Olive leaves (0.5 g) were ground with pestle and mortar in liquid nitrogen. The hard leaf tissue of olives was strongly ground into a fine powder by the pestle with high pressure and speed. Then, fine powder transferred into precooled tubes and 1 mL of 50 mM potassium phosphate buffer (pH 7.0), containing 1 mM EDTA and 4 % PVPP was subsequently added to tubes. The homogenate was centrifuged at 15,000g for 15 min at 4 °C. The supernatant was used to measure the activities of SOD, POD, APX, CAT, and PPO and to determine total protein content. All assays were done at 25 °C using a spectrophotometer (T80, PG Instrument., UK).

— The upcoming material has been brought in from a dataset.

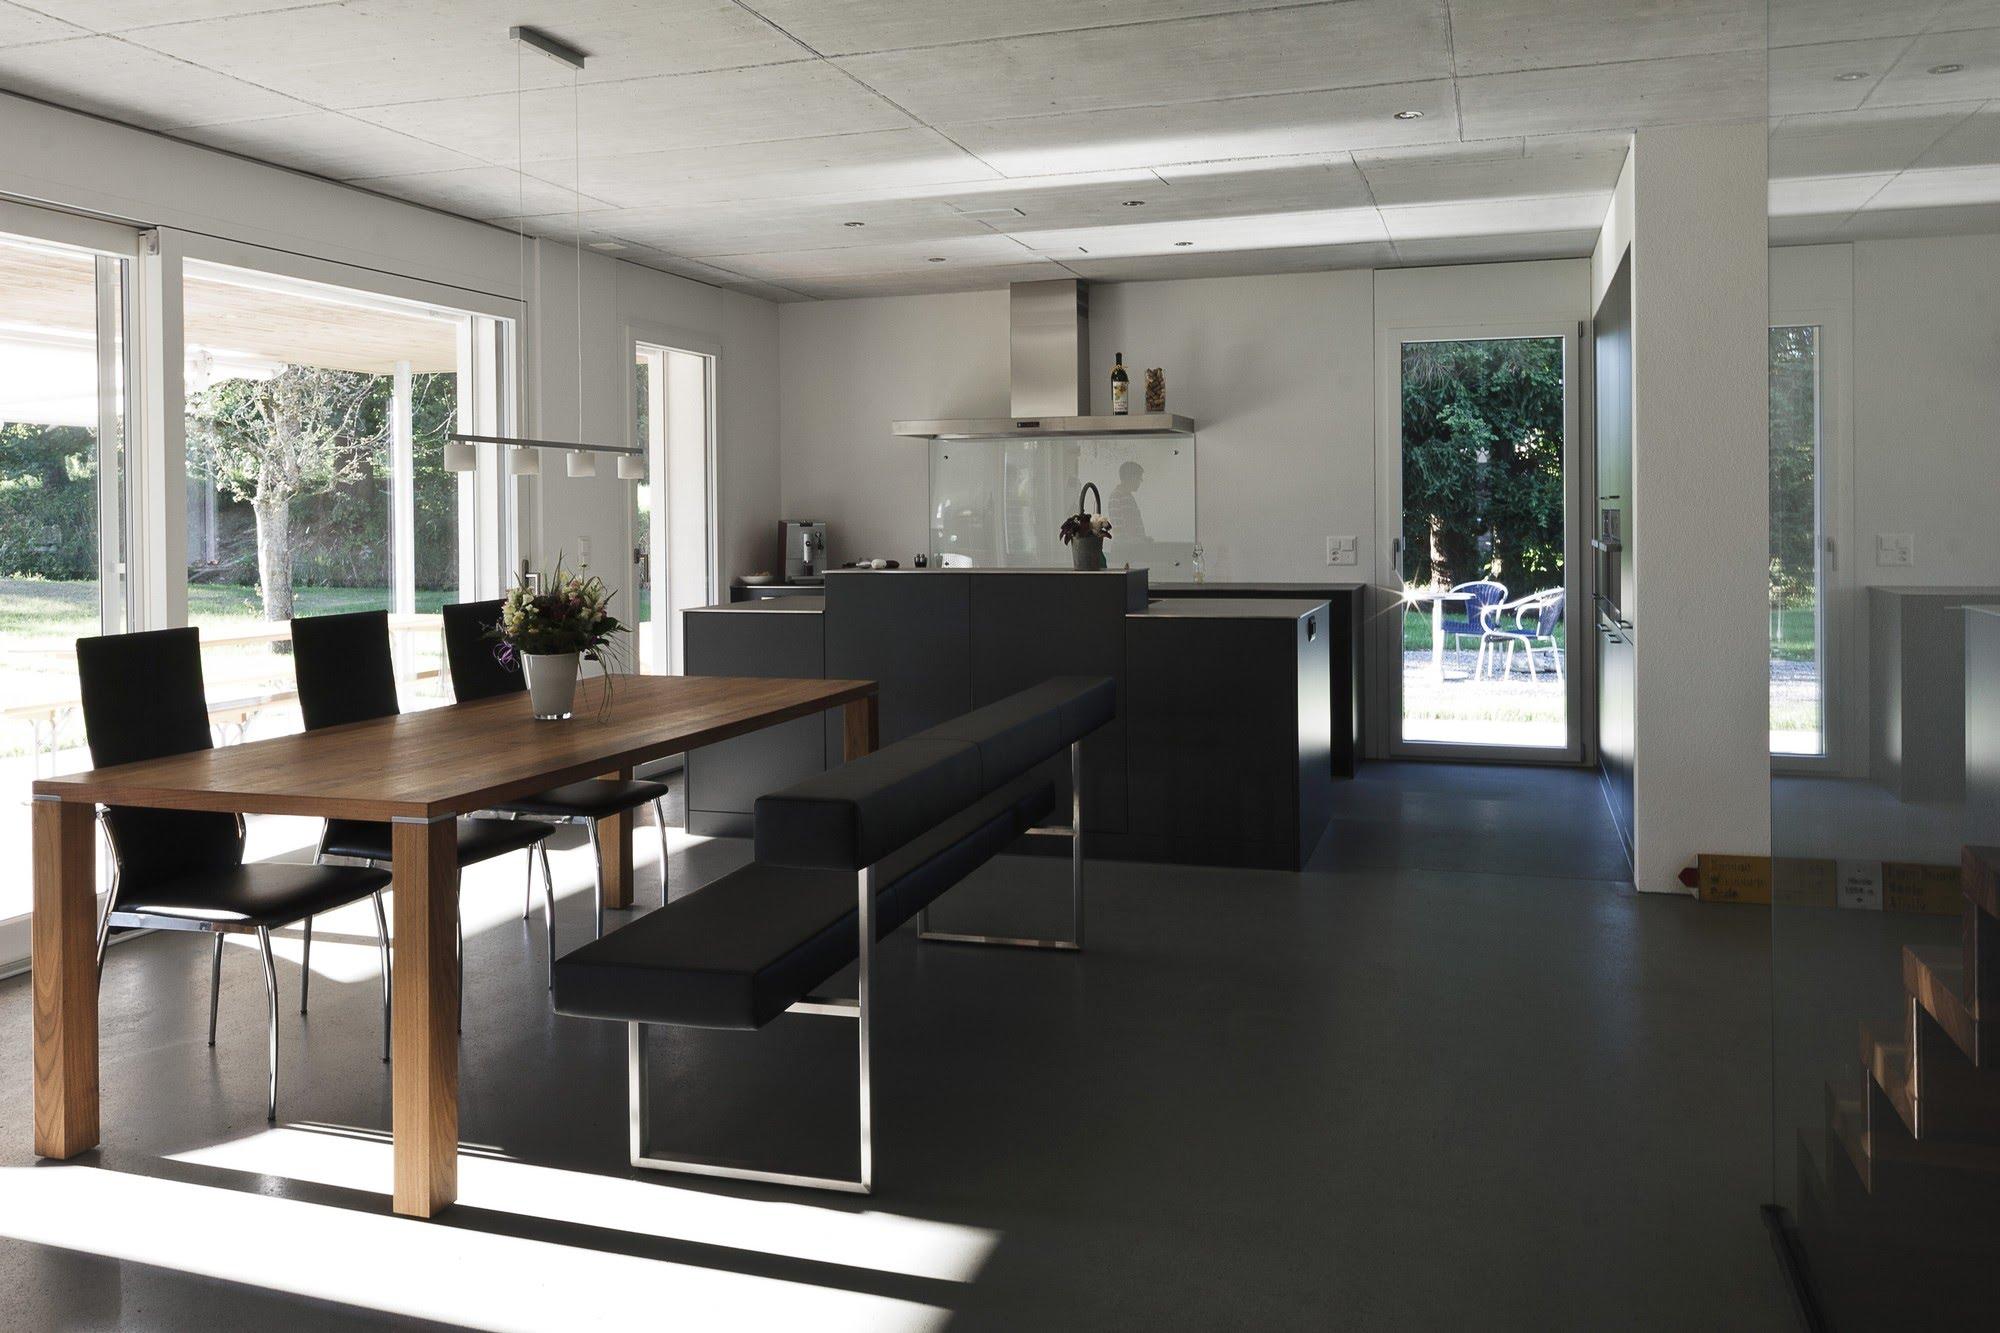 Wohnen EFH EFH in Fulenbach Architektur,Wohnungsbau,Wohnhäuser,Einfamilienhäuser,Mehrfamilienhäuser

SOD (EC 1.15.1.1) activity was determined by measuring its ability to inhibit the photoreduction of nitro blue tetrazolium (NBT) according to the methods of Beauchamp and Fridovich (1971). The reaction mixture contained 50 mM phosphate buffer (pH 7.0), 200 mM methionine, 1.125 mM NBT, 1.5 mM EDTA, 75 µM riboflavin, and 0–50 µL of the enzyme extract. Riboflavin was added as the last component. Reaction was carried out in test-tubes at 25 °C under illumination supplied by two fluorescent lamps (20 W). The reaction was initiated by switching on the light and allowed to run for 15 min, and light switching off stopped the reaction. The tubes were then immediately covered with aluminum foil in order to stop the reaction, and then absorbance of the mixture was then read at 560 nm. Identical tubes with complete reaction mixture containing no enzyme extract and developing maximum color served as a control. A non-illuminated complete reaction mixture with no color development served as a blank. Under experimental conditions, the initial rate of reaction, as measured by the difference in the increase of absorbance at 560 nm in the presence and absence of leaf extract was proportional to the amount of enzyme. One unit SOD activity was defined as the amount of enzyme required to inhibit 50 % of the rate of NBT reduction measured at 560 nm. The SOD activity of the extract was expressed as activity unit/g fresh weight (U/g FW).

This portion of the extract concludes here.